2.3. Cutting Device Design and Research

To meet the need for adaptive root cutting, a cutting device containing a camera, a cutting device, and a stepper motor for position adjustment is designed. As shown in Figure 4, the cutting device mainly includes a cutter with a connecting piece, a lifting arm, a micro switch, a stationary seat, a dual-out shaft stepper motor, a clearing servo, a clearing rocker arm, a camera, a damping tension spring, etc. Among them, four lifting arms of equal length, a fixed seat, and a cutter with a connector form a parallel four-bar mechanism. The line between the rotation centers of the upper lifting arm and the lower lifting arm mounted on the fixed seat is perpendicular to the lower bottom surface of the fixed seat. A damping spring increases the lifting force of the parallel four-bar mechanism, and a dual-out shaft stepper motor (KEMING Motor, 57MM44A100, Wenzhou, China) provides the driving force for the two lower lifting arms. A microswitch (Omron, SS-5GL2, Kyoto, Japan) is used to reset the lifting arm; the camera (KINGCENT, KS1A14, Shenzhen, Guangdong, China) has a high-definition 1.0 megapixel and a 60° lens. To address the problem of dust that can cover the camera lens during harvesting, a dirt-clearing rocker arm with a brush was designed to erase the dirt from the transparent lens guard.
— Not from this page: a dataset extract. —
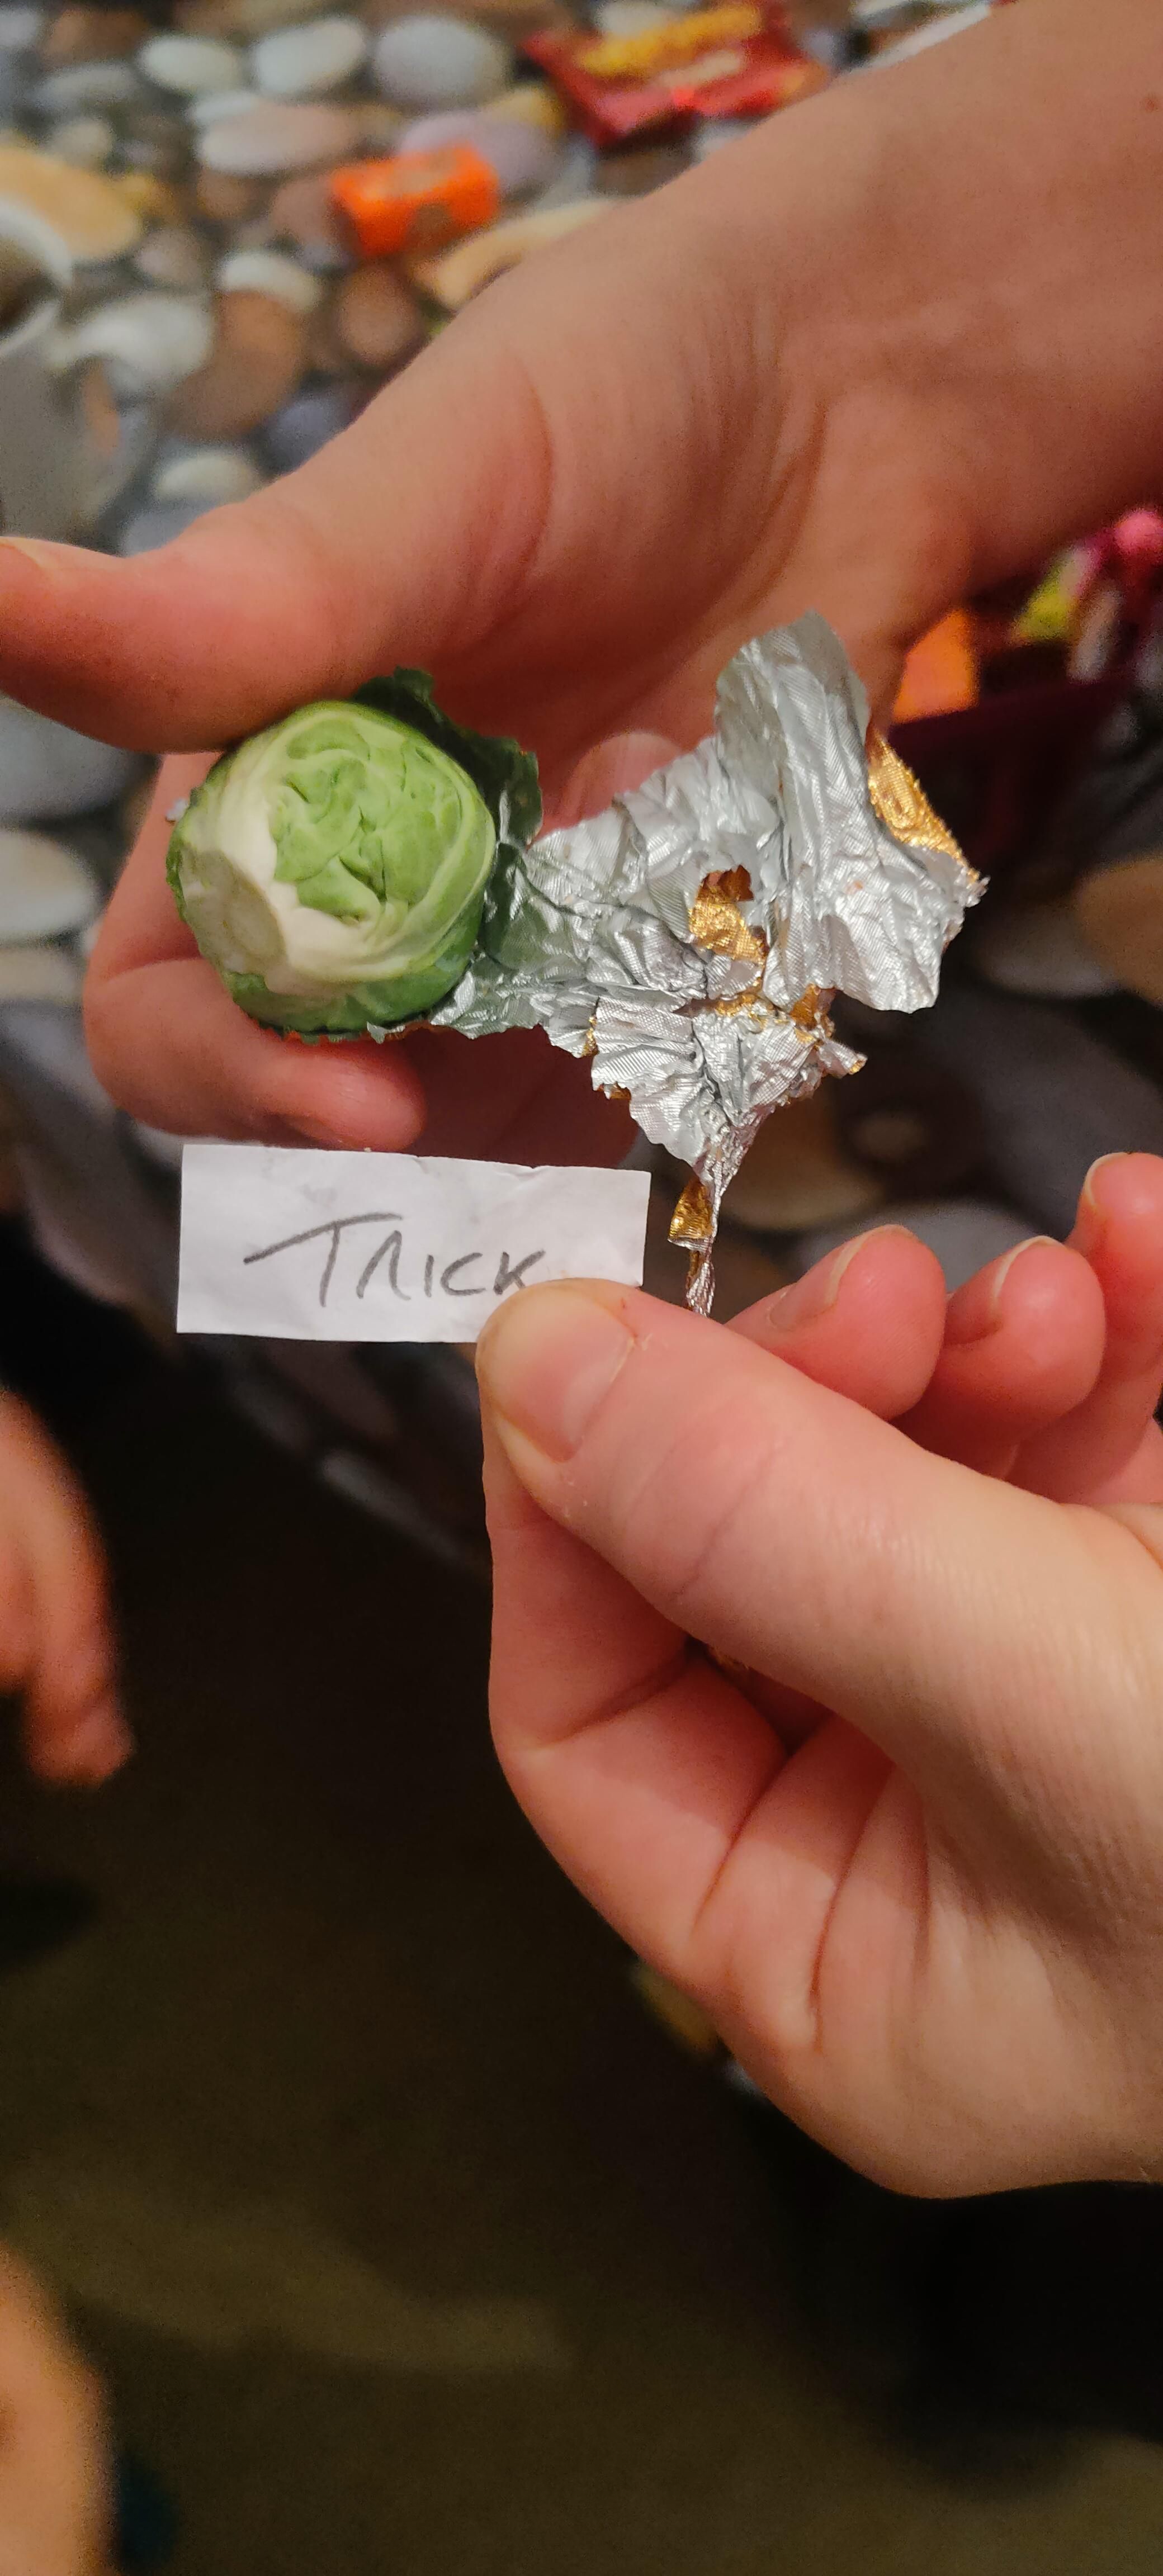 My little brother just returned from trick or treating with a "Ferrero Rocher"

A servo powers the clearing arm.

When the lower lifting arm triggers the microswitch, the angle of rotation of the dual-out shaft stepper motor is recorded as 0°, at which time all four lifting arms are parallel to the lower bottom surface of the stationary base; when the cutting device completes the reset, and the optical axis of the camera passes through the plane where the circular knife disk of the cutting device is located, the angle of rotation of the dual-out shaft stepper motor is recorded as α_DJ (°), as shown in Figure 5. When the dual-out shaft stepper motor makes the first root-cutting rotation to adjust the cutting device’s height, the rotation angle is Δα₁ (°). Then, the angle turned by the dual-out shaft stepper motor is:

$${\theta }_1={\alpha }_{DJ}+\mathsf{\Delta }{\alpha }_1$$

(7)

where θ₁ is the angle, in °, that the dual-out shaft stepper motor turns relative to the position of the lower lifting arm, triggering the microswitch.

The distance between the two rotation centers of the upper and lower lifting arms is equal, expressed in l_JS, mm.

When θ₁ > α_DJ, the height of movement of the cutting device relative to the lower bottom surface of the stationary base is:

$${\Delta h}_1^{\prime }=l_{JS}·\left(\tan {\theta }_1-\tan {\alpha }_{DJ}\right)$$

(8)

When α_DJ > θ₁, the cutting device moves a height relative to the lower bottom surface of the stationary base:

$${\Delta h}_1^{\prime }=l_{JS}·\left(\tan {\alpha }_{DJ}-\tan {\theta }_1\right)$$

(9)

In Equations (8) and (9), Δh’₁ is the height of the cutting device relative to the lower bottom surface of the stationary base after the first rotation of the dual-out shaft stepper motor for the cutting root, mm; l_JS is the distance between the two rotating centers of the lifting arm, mm. Moreover, the cutting device raises Δh’₁ when θ₁ > α_DJ, and the cutting device decreases Δh’₁ when α_DJ > θ₁.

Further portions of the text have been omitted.